Like an oscilloscope, the spectrum analyzer uses a CRT (or a computer display mimicking a CRT) to display a plot of the signal. Unlike an oscilloscope, this plot is amplitude over *frequency* rather than amplitude over *time*. In essence, a frequency analyzer gives the operator a Bode plot of the signal: something an engineer might call a *frequency-domain* rather than a *time-domain* analysis.

The term “domain” is mathematical: a sophisticated word to describe the horizontal axis of a graph. Thus, an oscilloscope’s plot of amplitude (vertical) over time (horizontal) is a “time-domain” analysis, whereas a spectrum analyzer’s plot of amplitude (vertical) over frequency (horizontal) is a “frequency-domain” analysis. When we use SPICE to plot signal amplitude (either voltage or current amplitude) over a range of frequencies, we are performing *frequency-domain* analysis.

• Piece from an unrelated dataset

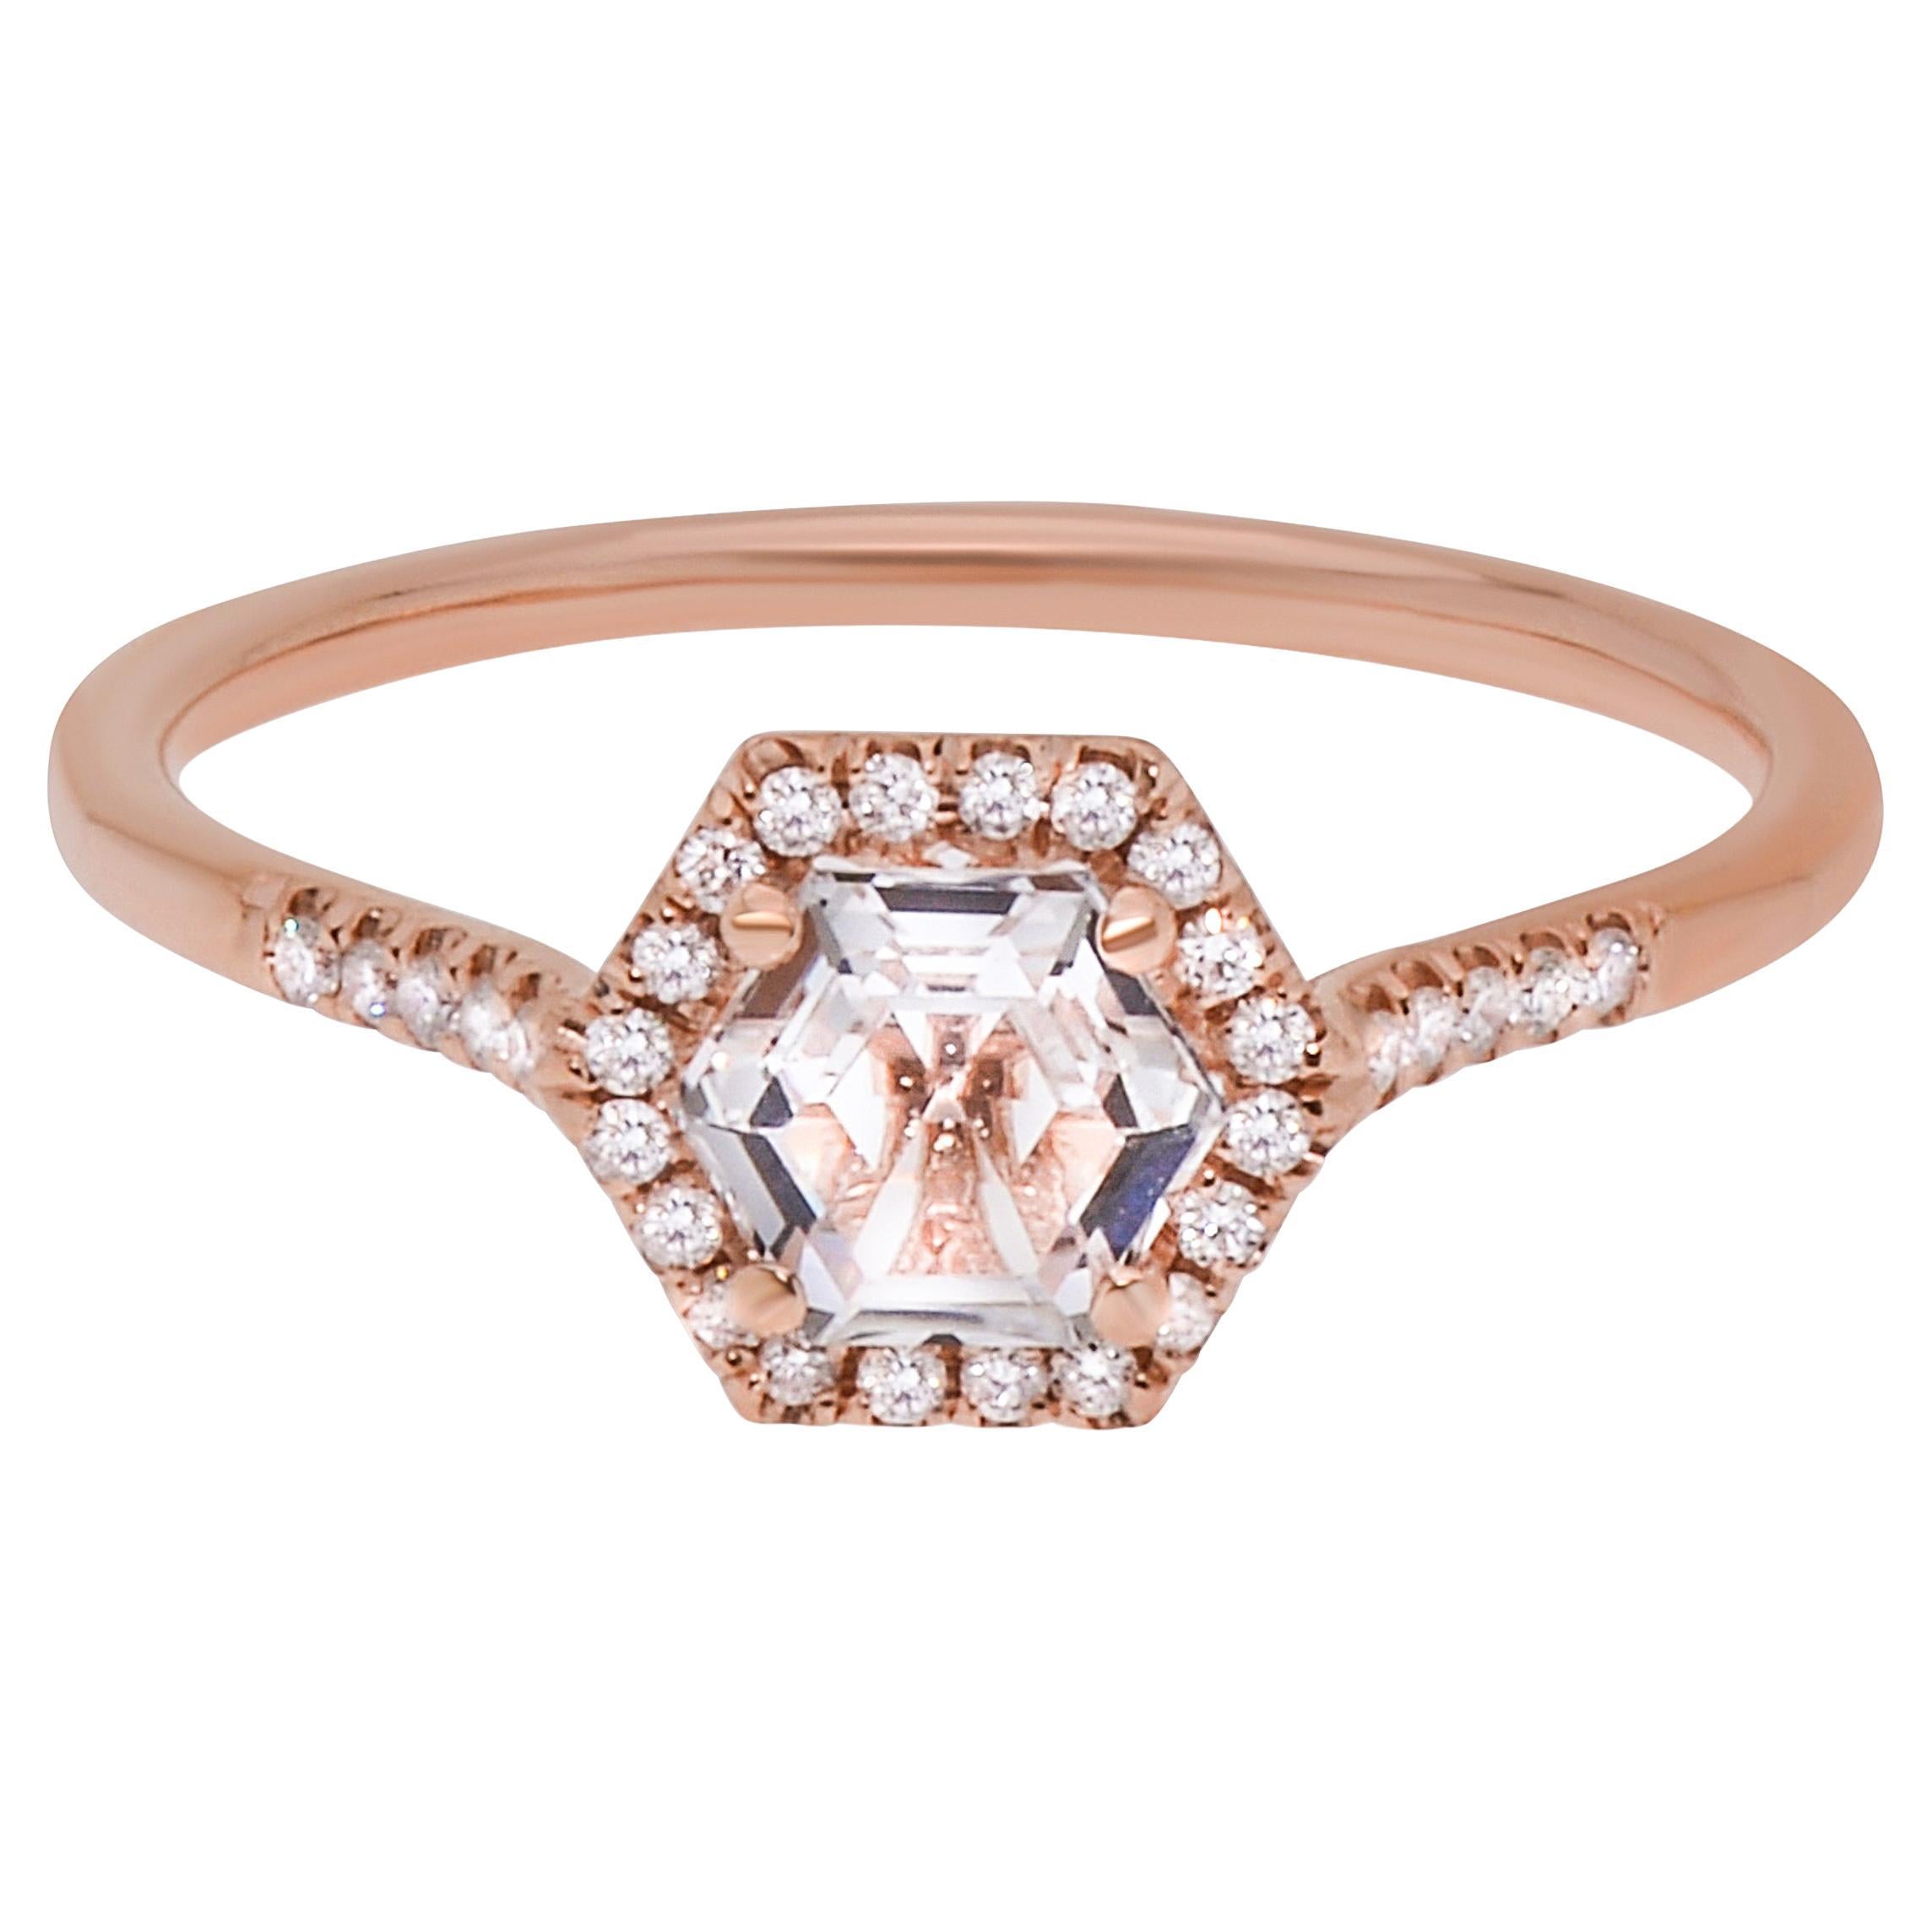 Suzanne Kalan 14K Rose Gold Diamond Topaz Ring sz 6.25 For Sale

Please take note of how the Fourier analysis from the last SPICE simulation isn’t “perfect.” Ideally, the amplitudes of all the even harmonics should be absolutely zero, and so should the DC component. Again, this is not so much a quirk of SPICE as it is a property of waveforms in general. A waveform of infinite duration (infinite number of cycles) can be analyzed with absolute precision, but the less cycles available to the computer for analysis, the less precise the analysis. It is only when we have an equation describing a waveform in its entirety that Fourier analysis can reduce it to a definite series of sinusoidal waveforms. The fewer times that a wave cycles, the less certain its frequency is. Taking this concept to its logical extreme, a short pulse—a waveform that doesn’t even complete a cycle—actually *has no frequency*, but rather acts as an infinite range of frequencies. This principle is common to *all* wave-based phenomena, not just AC voltages and currents.

Suffice it to say that the number of cycles and the certainty of a waveform’s frequency component(s) are directly related. We could improve the precision of our analysis here by letting the wave oscillate on and on for many cycles, and the result would be a spectrum analysis more consistent with the ideal. In the following analysis, I’ve omitted the waveform plot for brevity’s sake—its just a really long square wave:

*Improved fourier analysis.*

Notice how this analysis (Figure above) shows less of a DC component voltage and lower amplitudes for each of the even harmonic frequency sine waves, all because we let the computer sample more cycles of the wave. Again, the imprecision of the first analysis is not so much a flaw in SPICE as it is a fundamental property of waves and of signal analysis.

## Review

- Square waves are equivalent to a sine wave at the same (fundamental) frequency added to an infinite series of odd-multiple sine-wave harmonics at decreasing amplitudes.
- Computer algorithms exist which are able to sample waveshapes and determine their constituent sinusoidal components. The
*Fourier Transform*algorithm (particularly the*Fast Fourier Transform*, or*FFT*) is commonly used in computer circuit simulation programs such as SPICE and in electronic metering equipment for determining power quality.